Referans faiz oranıyla ihtiyaç ve ticari kredi faizlerinde limitler belirleniyor. Politika faizi artırımı öncesinde referans faiz oranı yüzde 0,81 ve yıllık bileşik referans faiz oranı da yüzde 10,31 idi. Ve ticari kredi faizi için referans faiz oranının 1.4 katı aşılması durumunda yüzde 20, 1.8 katı aşılması durumunda ise yüzde 90 oranında menkul kıymet tesis zorunluluğu var.

Referans faiz oranı ihtiyaç kredilerinde 70 bin liranın üstündeki kredileri kapsıyor. Diğer kışında piyasada ihtiyaç kredisi faizleri yüzde 40’ı aşmış durumda.

Kredi kartı azami faizi aylık 1,36’dan 1.81’e geldi. Gecikme faizi 1.81’den 2.11’e yükseldi.

Merkez Bankası’nın politika faizini artırması; döviz talebini sınırlaması, TL mevduat gibi alternatif enstrümanları daha cazip hale getirmesi, enflasyonist çalışan yüksek iç talebi frenlemesi, buna bağlı olarak şirketlerin mal ve hizmet arzını hem talep yönünden hem de finansman maliyetlerinin artışı yönünden frenlenmesi gibi çok yönlü sonuçlar elde edilmesi beklentisine odaklıdır. Politika faizinin yüzde 15’e çekilmesi, bütün bu konularda etkili sonuçlar verebilecek bir düzey değil.

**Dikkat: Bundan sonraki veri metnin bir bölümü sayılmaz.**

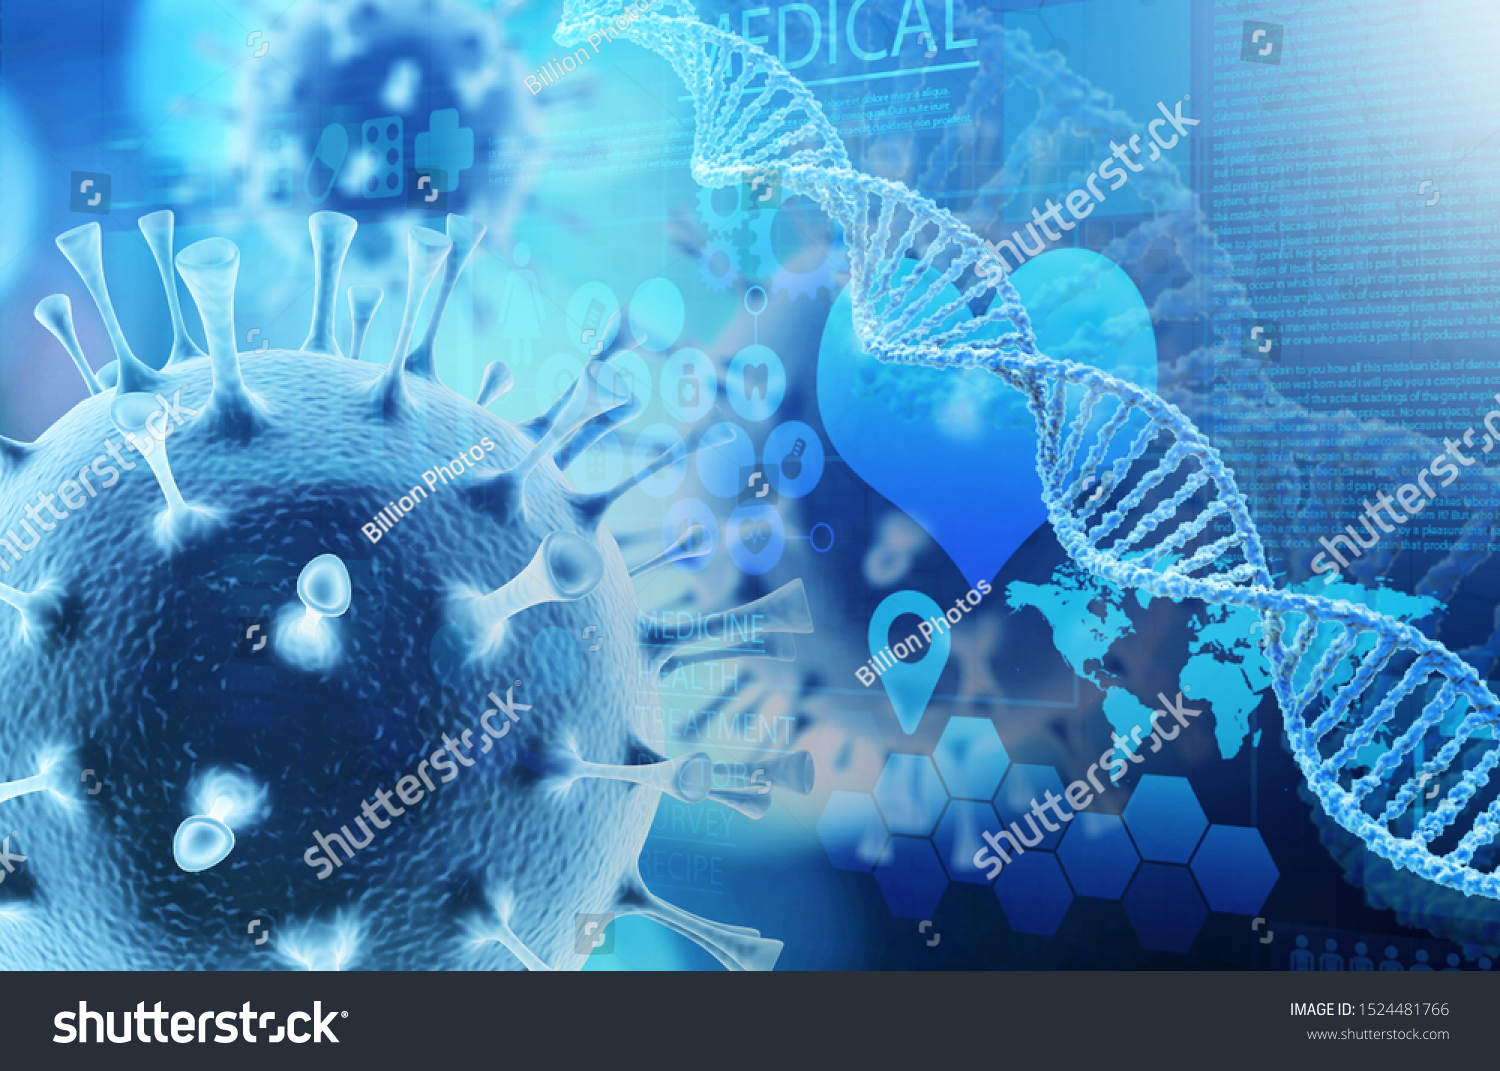 Close-up of virus cells or bacteria on light background #1524481766

Bu faiz artışı sonrası sorunları çözmek için faiz artışının yeterli olup olamayacağı tartışması da başladı. Prof. Dr. Hakan Kara, Arjantin örneğini hatırlattı. Arjantin’de politika faizi yüzde yakın seviyelere yükseltildiği halde enflasyon durdurulamadı ve yüzde 115 seviyelerine çıktı.

Önümüzdeki kritik aylar

Mayıs ayı dış ticaret rakamları alarm verici düzeyde, aylık 12,5 milyar dolar açıkla geldi. İlk 5 aylık açık 60 milyar dolara yakın. Yılın geri kalanında kurun yükselmesi nedeniyle ithalatın bir miktar yavaşlaması beklenir. Aynı şekilde turizm mevsimine de girildi. Bu aylarda yüksek turist dövizi girişi olacak. Ekonomi yönetiminin faiz – döviz – kur yönünden eli bir miktar rahatlayacak. Ancak yılın son ayları ile birlikte hem turist dövizi girişinin azalması hem de kış mevsimi – enerji ithalatı dolayısıyla zorluklar yeniden artacak. Bu birkaç aylık dönemde yabancı dövizi girişi beklendiği ölçüde gerçekleşmezse, bugünkü tablo esas itibariyle devam edecek gibi görünüyor.